The local PoC calls paliadinSystemPrompt(s.responseDir) once when it creates the pane. The remote path needs the same hook. Two options that don't require duplicating the German prompt body to mRiver:

Lazy bootstrap (chosen): the first RunTurn after a paliad-prod restart sends the system prompt via bootstrap RPC, then runs the actual turn. Subsequent turns skip the bootstrap. State is per-process: RemotePaliadinService.bootstrapped boolean guarded by mutex.
Eager bootstrap at startup is rejected — it forces every container start to wait for mRiver to be online, which couples paliad's boot to mRiver's availability.

Lazy bootstrap means the very first turn after a paliad redeploy pays a ~3 s extra cost (claude pane spin-up + system prompt absorb). Acceptable for a single-user PoC.

6.5 Health-check gating (`mriver_unreachable`)

Every RunTurn first calls healthGate(ctx):

Cached for 10 s. If last check was <10 s ago and was OK, skip the probe.
Otherwise: s.callShim(ctx, "health") with a 3 s timeout. On success, set cache OK; on failure, return ErrMRiverUnreachable.

Why 10 s: short enough that "I just woke my laptop" propagates inside one user retry; long enough that a busy chat doesn't probe on every turn.

var ErrMRiverUnreachable = errors.New("paliadin: mriver unreachable")

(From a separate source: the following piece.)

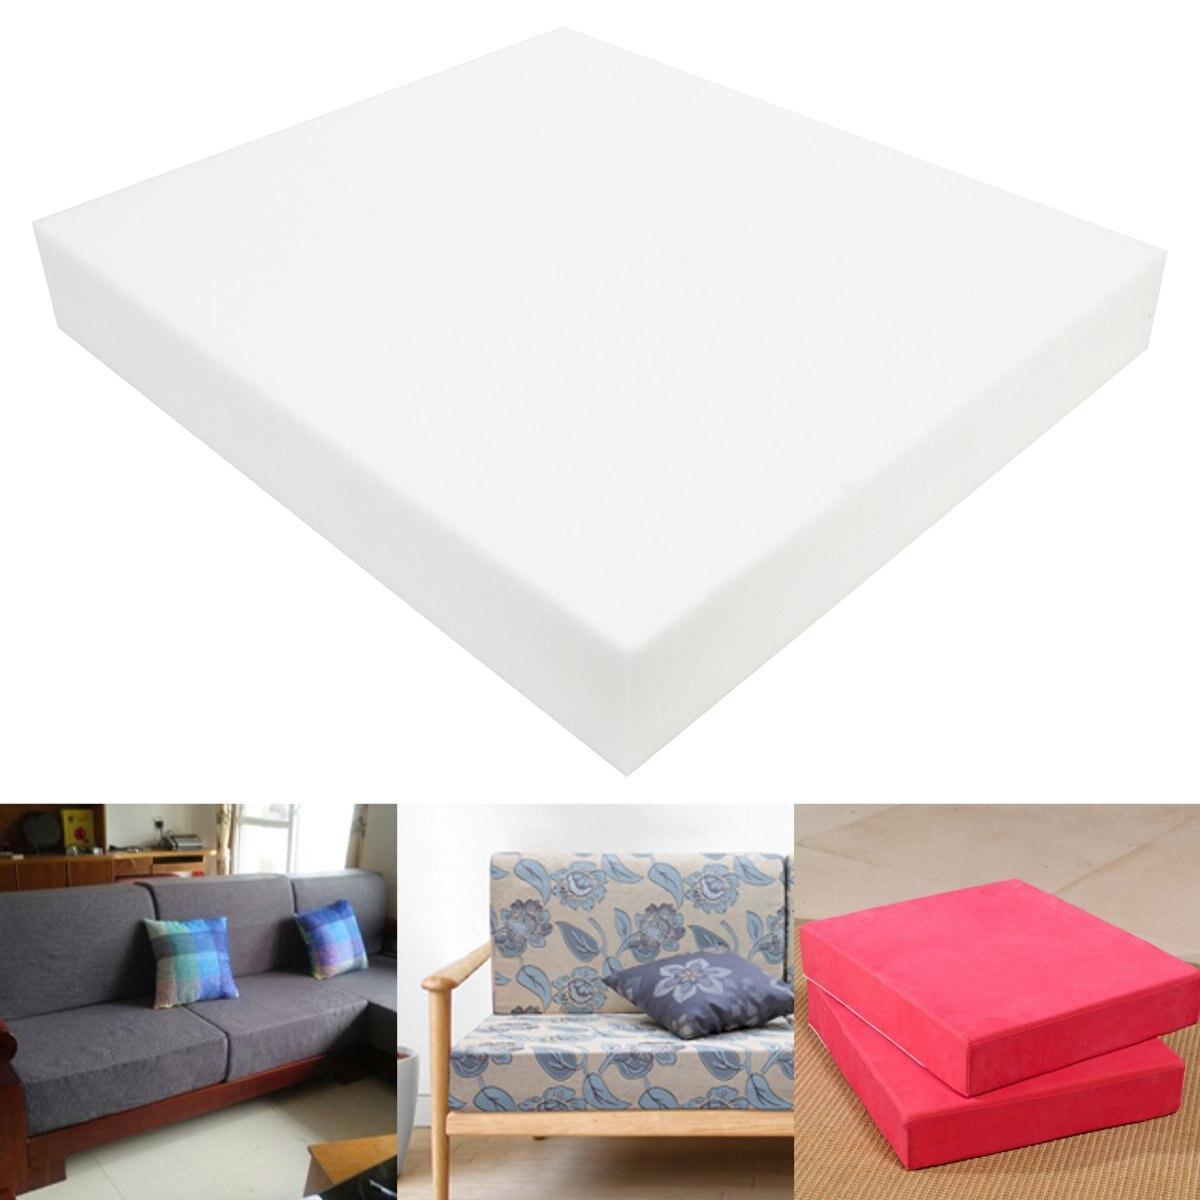 High Density Upholstery Cushion Foam Chair Sofa Seat Foam Pad

func (s *RemotePaliadinService) healthGate(ctx context.Context) error {
    s.healthMu.Lock()
    defer s.healthMu.Unlock()
    if s.healthOK && time.Since(s.healthCheckedAt) < 10*time.Second {
        return nil
    }
    c, cancel := context.WithTimeout(ctx, 3*time.Second)
    defer cancel()
    out, err := s.callShim(c, "health")
    s.healthCheckedAt = time.Now()
    if err != nil || strings.TrimSpace(string(out)) != "ok" {
        s.healthOK = false
        return fmt.Errorf("%w: %v", ErrMRiverUnreachable, err)
    }
    s.healthOK = true
    return nil
}

6.6 Friendly error code (extends t-paliad-150)

friendlyErrorMessage already maps tmux_unavailable to a localised message. We add one new code:

mriver_unreachable → DE: "mRiver ist offline — Paliadin nicht erreichbar. Mach mRiver an, oder nutze Paliadin lokal mit ./paliad." / EN: "mRiver is offline — Paliadin can't reach it. Wake mRiver, or run Paliadin locally with ./paliad."

Implementation: one new case in the SSE-error switch in frontend/src/client/paliadin.ts's friendlyErrorMessage, plus matching i18n keys (paliadin.error.mriver_unreachable.de / .en). Server-side: paliadin HTTP handler maps errors.Is(err, services.ErrMRiverUnreachable) to event: error\ndata: {"code":"mriver_unreachable","message":"..."}\n\n.

6.7 Rate limit

A runaway loop on the paliad side could DOS the SSH connection. Cheapest cap: enforce one in-flight turn at a time via turnMu (already exists in the local PoC). On top of that, a rolling cap of N=20 turns/min in RemotePaliadinService rejects with ErrRateLimited (mapped to a friendly paliadin.error.rate_limited). PoC has one user (m); the cap is a paranoid safety, not a real throttle.

6.8 What about ControlMaster?

Decision-2's chosen path (server-side shim with one RPC per turn) makes ControlMaster optional. The shim collapses ~10 raw-tmux ops into a single SSH connect — that's already the latency win ControlMaster would buy.

Adding it on top would save ~30–50 ms per turn but adds:

A persistent ~/.ssh/cm-* socket inside the container.
Cleanup logic on shutdown.
A subtle interaction with the SSH BatchMode + ConnectTimeout settings.

Verdict: skip ControlMaster in v1. If turn latency over Tailscale is measured >300 ms in practice and hot enough to matter, add it in a follow-up; the call site is one helper.

7. Phasing

Phase A — manual proof-of-concept (no Dockerfile change yet)

Goal: validate the round-trip end-to-end on a deployed paliad, before touching the image.

Phase A.0 (DONE 2026-05-07 23:31): SSH+shim end-to-end on the tailnet.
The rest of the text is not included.